In the upcoming RefSeq track versions mentioned above, the integrated MANE transcript set will be updated from version 0.8 to 0.9 as well.
Calling a Gene by Its Name is Harder than it Sounds
The HUGO Gene Nomenclature Committee (HGNC) defines and updates the names and symbols we use for genes. And these gene names get updated at a surprising frequency! Internally, we use more stable identifiers such and the Entrez Gene ID to track preferences for genes or to even look up annotations about genes. A gene you see referenced in an gene track as MUT may in fact now be renamed to MMUT. This in fact was an issue with the RefSeq transcript definitions released for GRCh37, as the gene symbols were a number of years out of date. Gene panels are often defined as a list of HUGO gene symbols, and VarSeq supports filtering to variants that are annotated against genes in these panels. But if these panels use a newer gene symbol, or even an older one, we risk missing a relevant gene!

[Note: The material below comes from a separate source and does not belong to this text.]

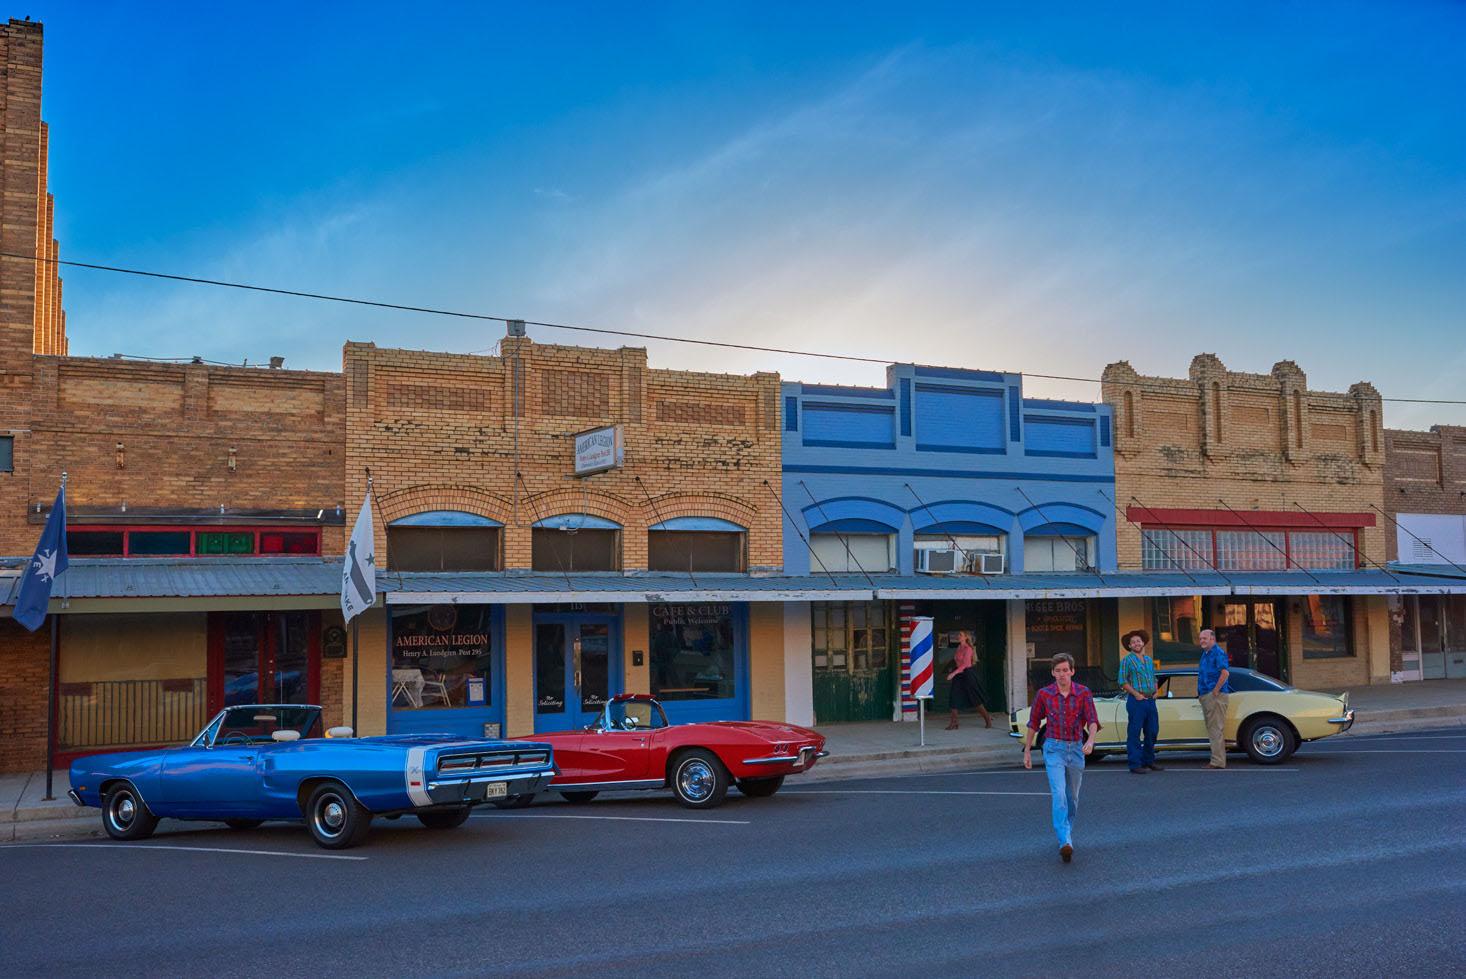 NIGHT-OF-THE-HUNTED-Texas-3.jpg
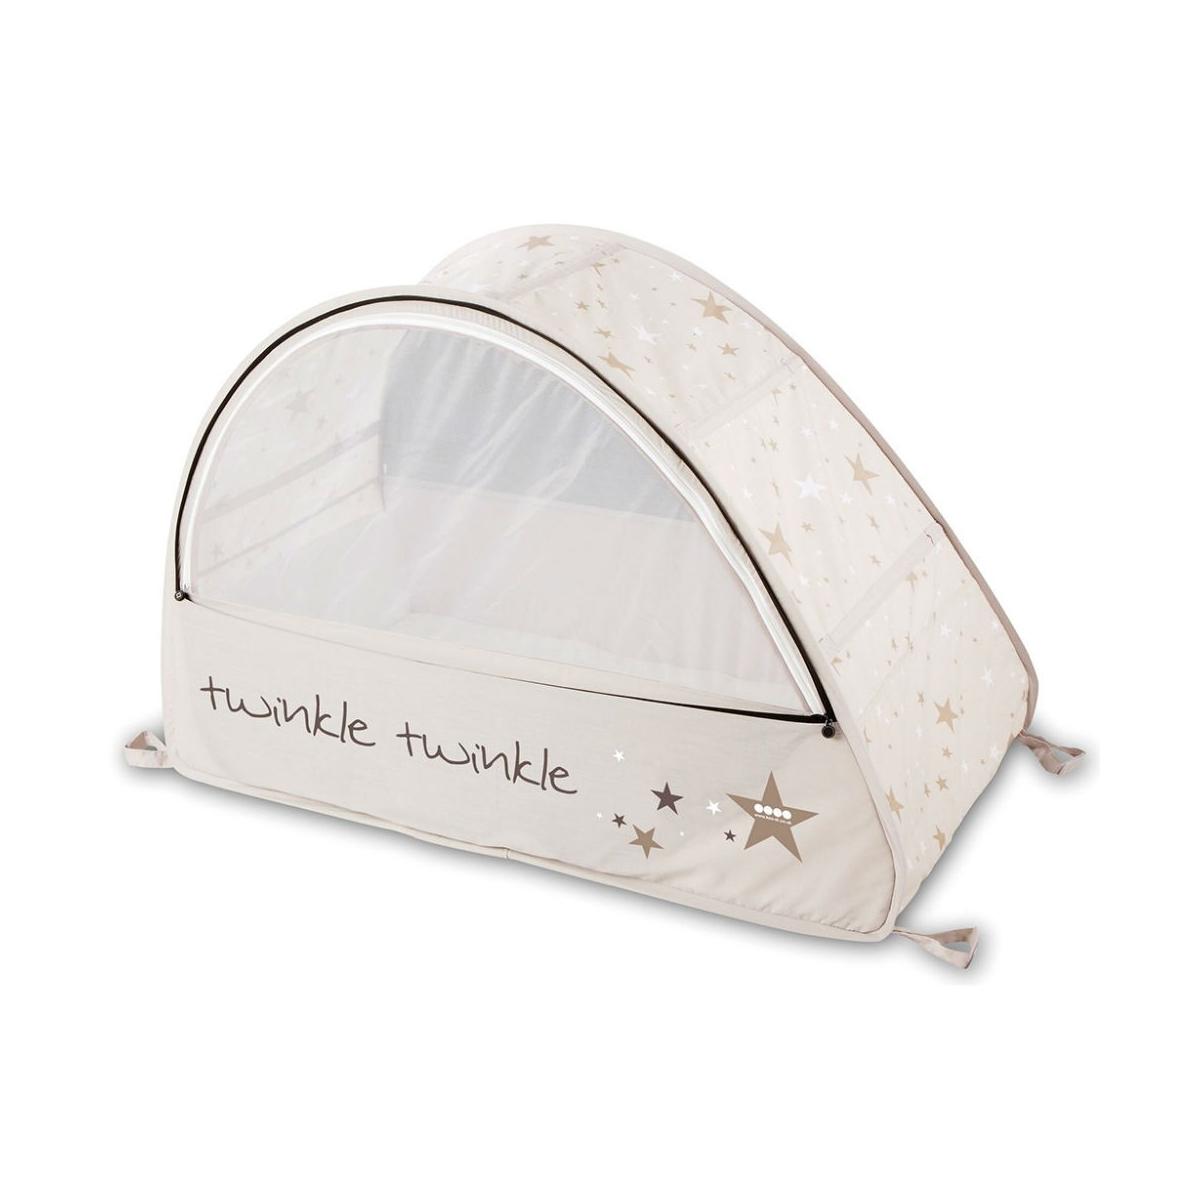 Koo Di Pop Up Sun & Sleep Travel Bubble Cot Twinkle Twinkle (NEW)

To resolve both of these issues, we now update the gene names for our gene tracks from the latest information available directly from NCBI’s database. We also added a new “Aliases” field containing all of the previous gene names and aliases for a given gene and refer to that when running our “Match Gene List” algorithm when a gene symbol is not found matching the current primary gene name.
Note: We had some reported issues with the first version of the tracks with the Aliases field caused by these fields sometimes containing the primary gene name of different genes. This caused erroneous matching the wrong gene. We have since deployed new RefSeq Genes 105 Interim v3.1 and RefSeq Genes 109 Interim v2.1 that resolves this by removing any names of other genes from the Aliases list.
Gene Update Cycle
Now that gene tracks are capturing not only the latest NCBI provided transcript definitions and mappings but also the most current gene name, LRG IDs and MANE Select transcript status, we expect that we will be updating these tracks at regular intervals (on approximately a bi-yearly schedule). As always, you can choose when you update any track in your VarSeq project, and gene tracks are no different. You will receive update notifications when there are new gene tracks, but you can plan to make the update when it fits your clinical pipeline validation schedule. I’d like to thank all the feedback and suggestions from our many clinical lab customers that write in with fresh edge cases, suggestions and requests that have helped us create the tuned and ready gene tracks that we provide with VarSeq and VSClinical.